Cartoons are about ideas, not tools

February 1, 2010 in Comment

Traditional animation: Disney’s The Princess and the Frog

You may have read about the new Disney film The Princess and the Frog, which is out this week. What you may also have read is that it is “a return to hand-drawn animation”.

Bloghorn would like to dispute this by pointing out a simple fact: cartoons drawn digitally are still hand drawn.

The tools may have changed, but it takes as much creativity and drawing skill to create a cartoon digitally as it does using pen and paper.
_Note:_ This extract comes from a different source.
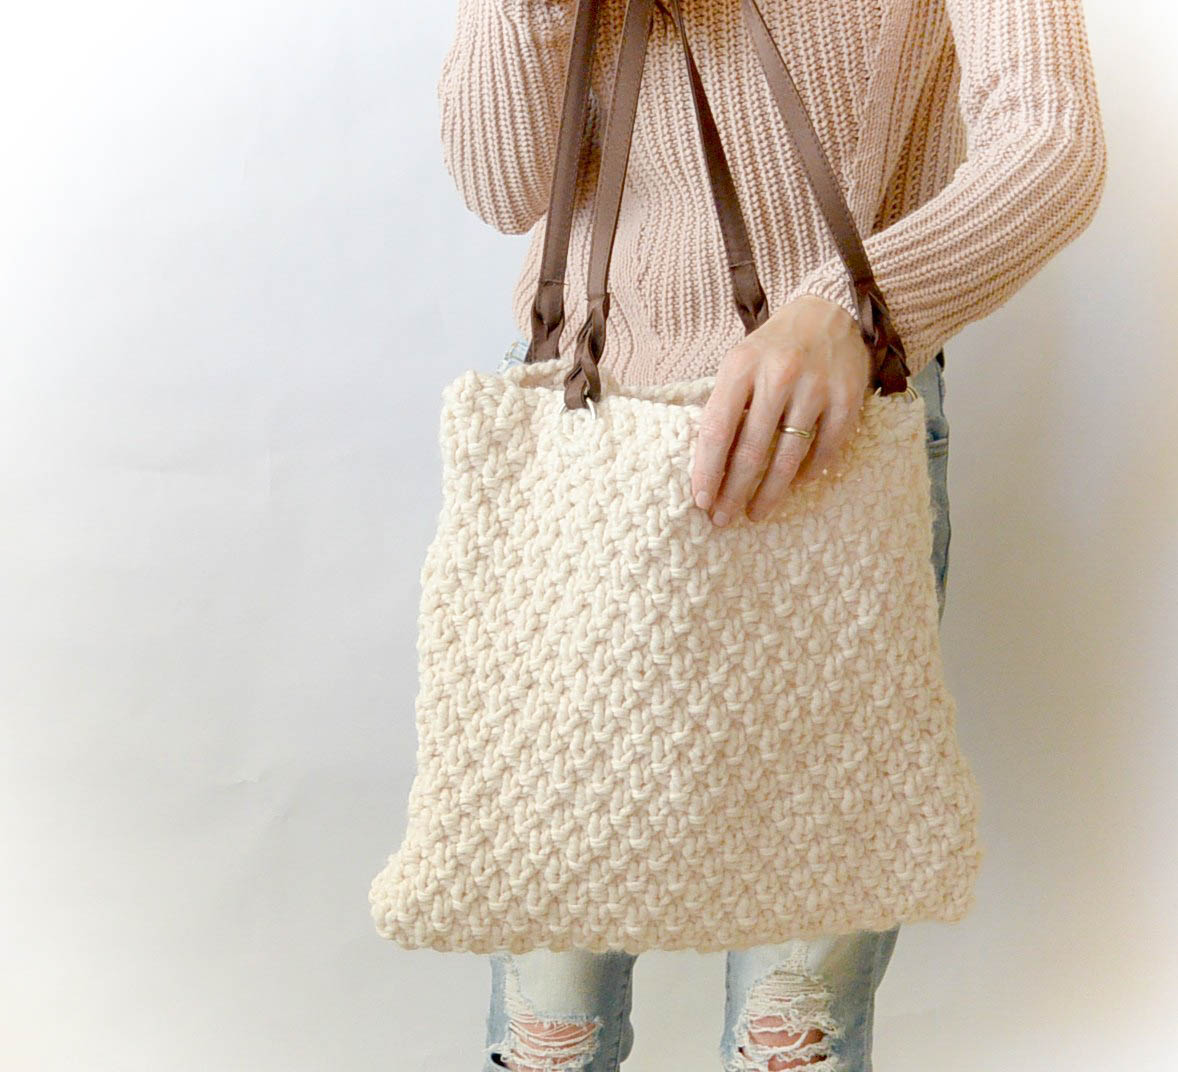 How To Make A Hobo Bag - JoAnn | Jo-Ann | Knitting bag pattern, Purse  patterns, Knitting

Pixar Animation Studios did not create such awe-inspiring digital films as Toy Story and Up by hitting a key or clicking a mouse.

The Princess and the Frog is, rather, a return to traditional methods of animation, and it’s good too see that these can co-exist alongside digital.

What’s notable is that Disney’s first 2D animated film in five years appears now that Walt Disney Animation Studios is being run by John Lasseter, the creative force behind Pixar and a man who knows that it’s not the tools you use that matter, it’s the ideas and creativity.

Or, as Bob Mankoff, Cartoon Editor of the New Yorker, once put it: “It’s not the ink, it’s the think.”

7 responses to Cartoons are about ideas, not tools

  1. Which is what makes “Up!” a better film than “Avatar”

  2. Bloghorn, I think you’re arguing semantics here. I assume the “hand-drawn animation” that Disney refers to is the old painstaking process of each individual cell being drawn and painted by hand, as opposed to the cgi that eliminates the vast majority of the human effort which that process entails. It does not, in my opinion, suggest that there is no human involvement at all, and anyone who knows anything about animation (and I don’t profess to know very much) should recognise that the creative process is still an essential requirement to convey any story, as well as the artistic endeavour required to create the characters, motion and scenes.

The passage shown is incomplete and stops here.